JB: But, in fact, that’s the reason given by the Kenyan government for wanting to close down the camp, because they say Al Shabab is using the camps as a base.

GS: That’s correct, and it’s also not proven. The attacks that have taken place in Kenya in recent years have been committed in large part by Kenyan Somalis, so home-grown extremism, which Kenya has completely failed to address, and by Somalis belonging to Al Shabab who have crossed from Somalia directly into Kenya to carry out these attacks. There is not a single shred of evidence that any of the attackers lived in the refugee camps.
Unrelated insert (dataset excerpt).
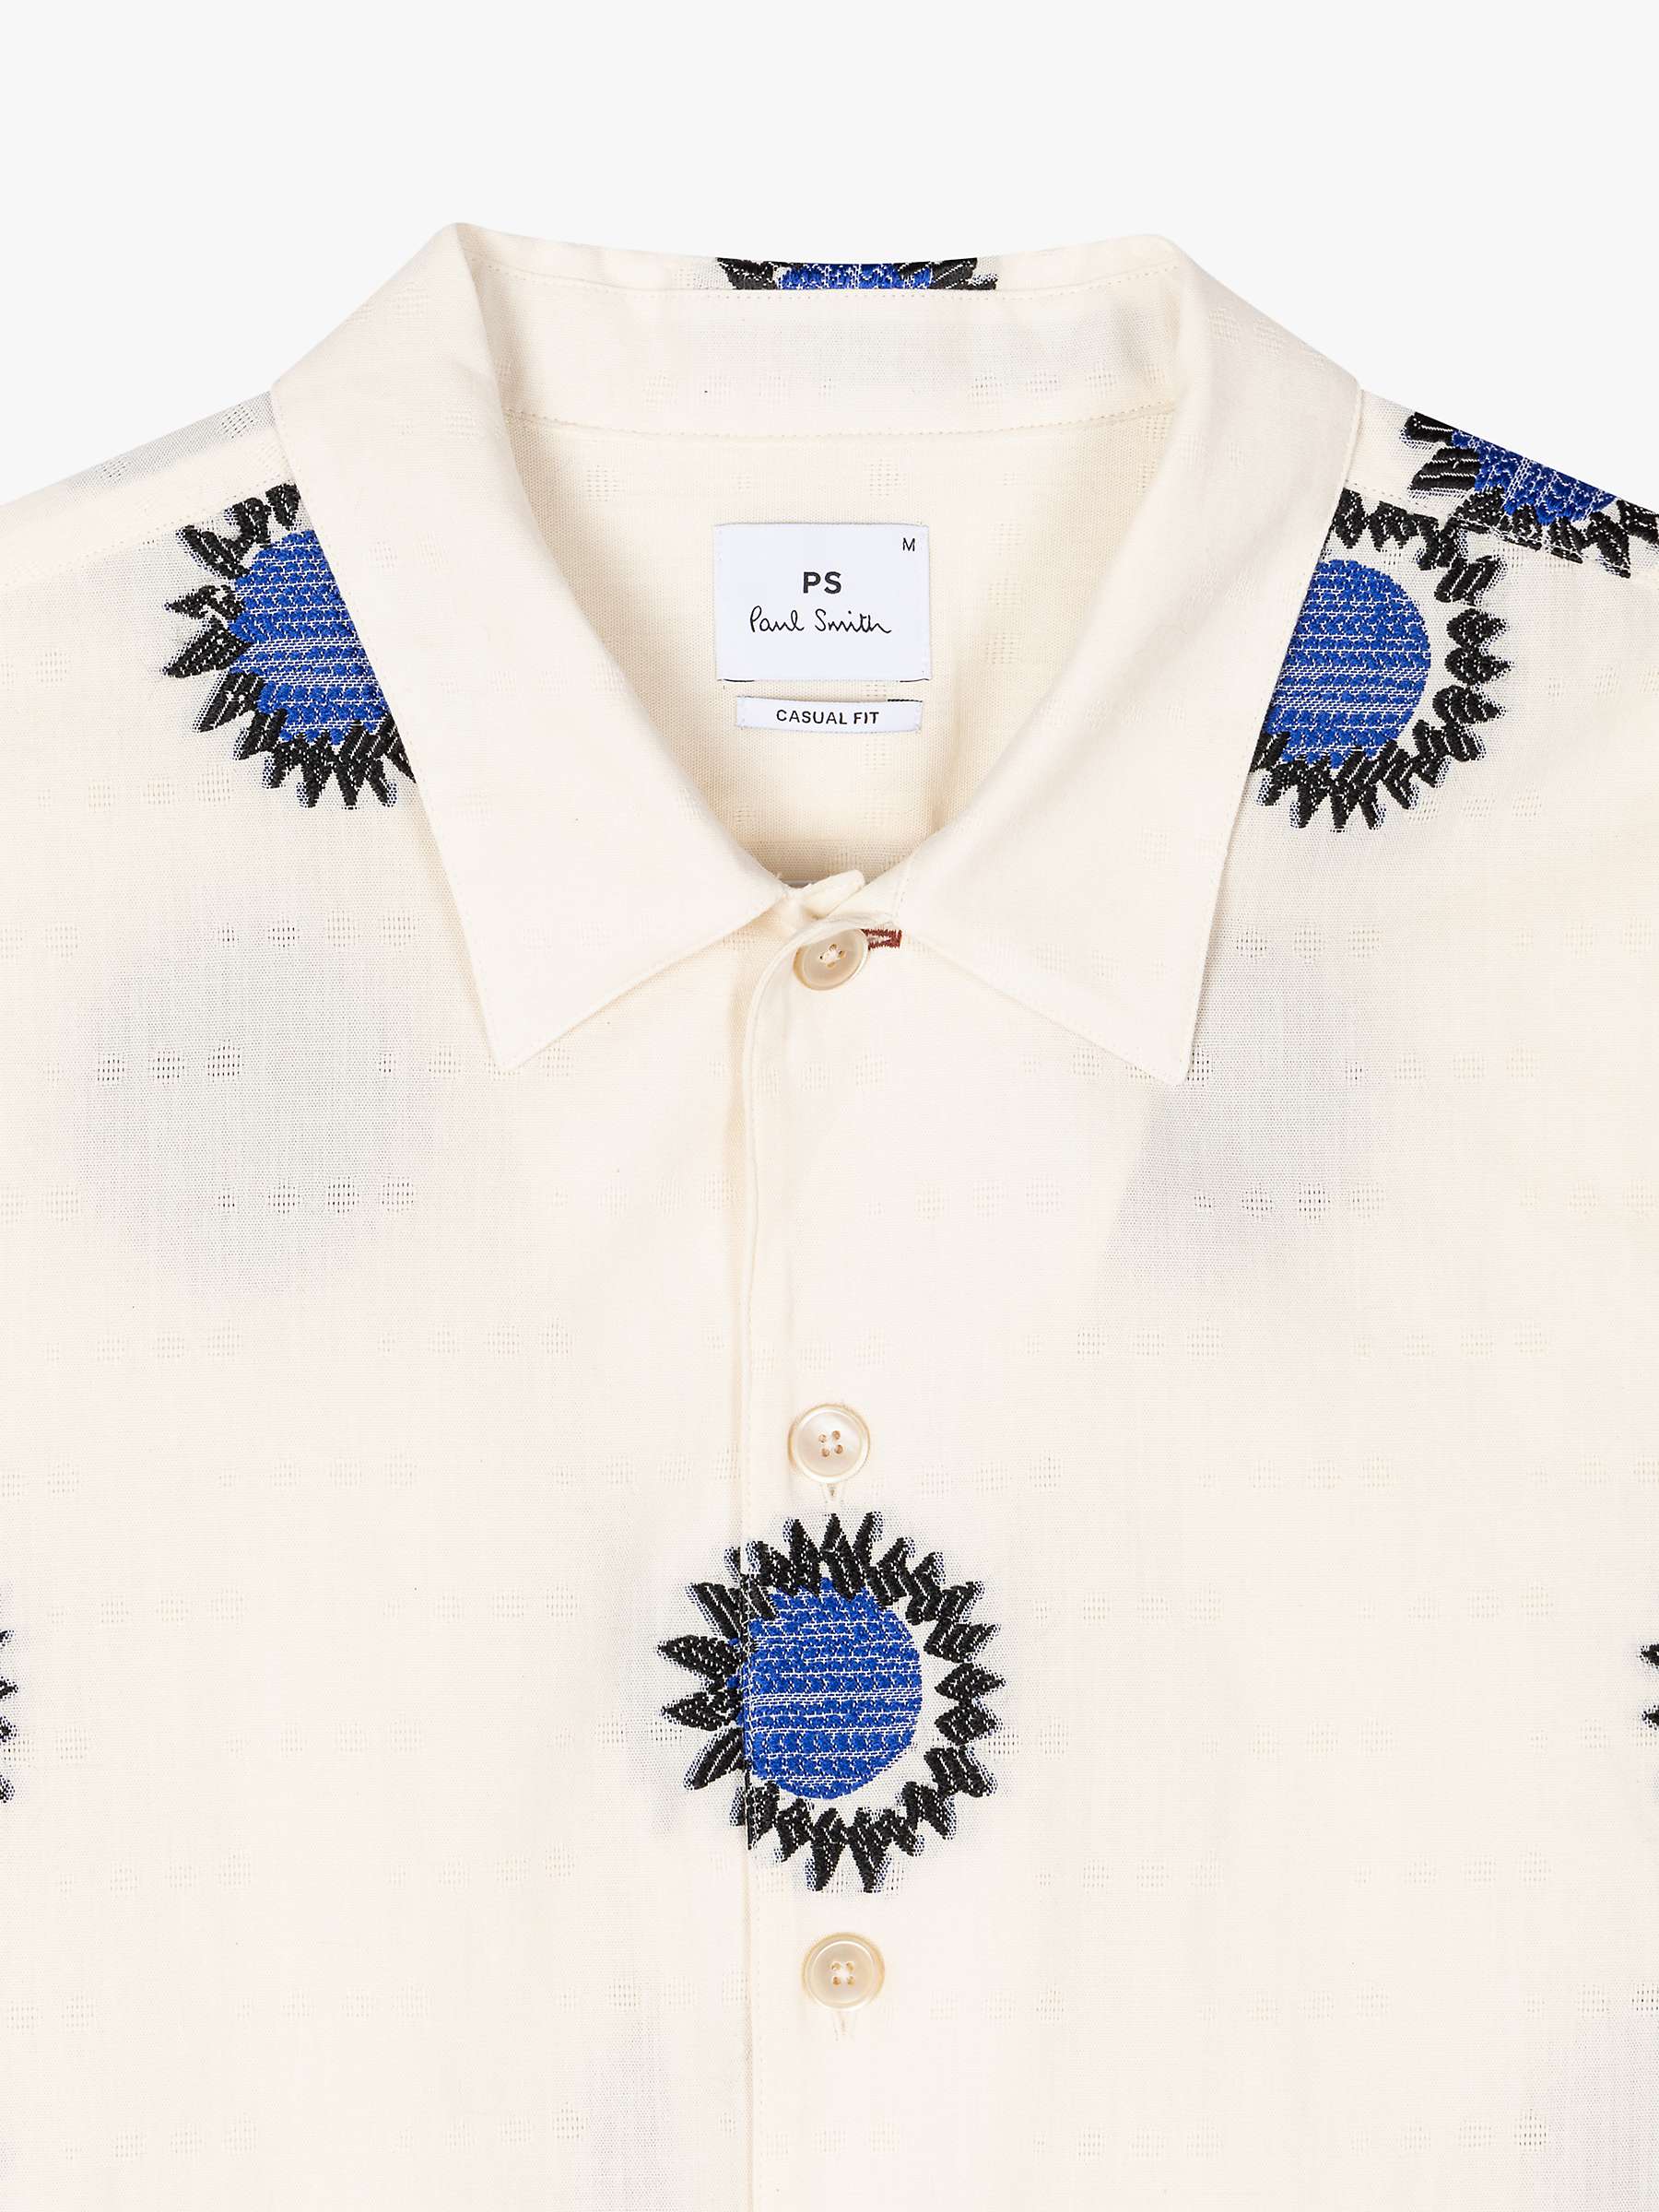 Buy PS Paul Smith Short Sleeve Casual Fit Shirt, White/Multi Online at johnlewis.com

JB: You said that these mass expulsions would be illegal. If that’s the case, how can Kenya go ahead and do this? And what can be done on an international legal level to stop it?

GS: Yes, good question! Regrettably countries all over the world are constantly shredding international law. You just have to look at what’s happening in Iraq, Syria, Afghanistan and Yemen, where civilians are being bombed from the skies arbitrarily and indiscriminately in massive numbers, including with US and European military support. So Kenya would not be alone in engaging in massive violations of international human rights and in this case refugee law.

What can be done about it is a difficult question. There is no international refugee law court that could police these kinds of breaches. Kenya would be condemned, widely condemned globally if it were to engage in mass deportation of Somali refugees. That might cost it some political capital, but ultimately it’s probably making a calculation that if it goes ahead with this, the votes that Kenyan politicians are likely to win in next year’s general election outweigh the cost of international condemnation.

Dadaab

Marcus Bleasdale / Human Rights Watch

JB: You were describing earlier how tough life is in these camps, which date back to the early 1990s and which I guess means that for many people it’s become permanent home, but these expulsions, if the Kenyan government were to go ahead with it, would make life even worse than it already is?

GS: There’s no question that life inside Somalia for these people would be a lot worse than the tough conditions in Kenya. We’ve documented the lives that displaced Somalis live in horrendous camp conditions around Mogadishu for example. There the authorities in fact have been forcibly evicting tens of thousands of women and children in recent years. So people with nowhere to go, fleeing conflict in their villages in Somalia, end up in these displaced people’s camps around the capital Mogadishu, and are then forced by the government out of those camps, end up living under trees and out in the open with no assistance whatsoever. We’ve documented widespread rape of Somali women in these displacement camps in Somalia. We’ve documented really horrendous situations in which militia charge displaced civilians rent for sitting under a tree, so that they can be in the shade and not out in the open sunshine – as you can imagine, the sun is pretty punishing in Somalia. So the conditions in the camps in Kenya, bad though they are, are pretty good compared to the horrendous conditions in Somalia.

JB: And what’s the Somali government saying about all of this?

The Somali government has called on Kenya to change these plans, to rescind them. It says forcing Somalis back into Somalia at this stage would be not only an international legal breach but would also be a horrendous moral abrogation on the part of the Kenyan authorities, and of course they’re right.

Dadaab

Marcus Bleasdale / Human Rights Watch

JB: So, given the potential dire consequences of this and illegality of this, the Kenyan government is arguing security but do people think there could be other motivations behind this?

GS: Yes. We think there are probably two main motivations. Firstly, next year there are elections in Kenya, and politicians know that demonising refugees is a good vote winner. And they’re not the only ones: it happens in the United States, it happens in Europe, it happens in South East Asia, it happens all over the world, and we’ve seen before in Kenya. And secondly the World Humanitarian Summit is taking place in Istanbul in 10 days’ time. States will be positioning themselves ahead of calls for funds they will make to donors. So it’s possible that they’re going to use this as a way to pressure the Europe Union and other states to give Kenya more money for these camps.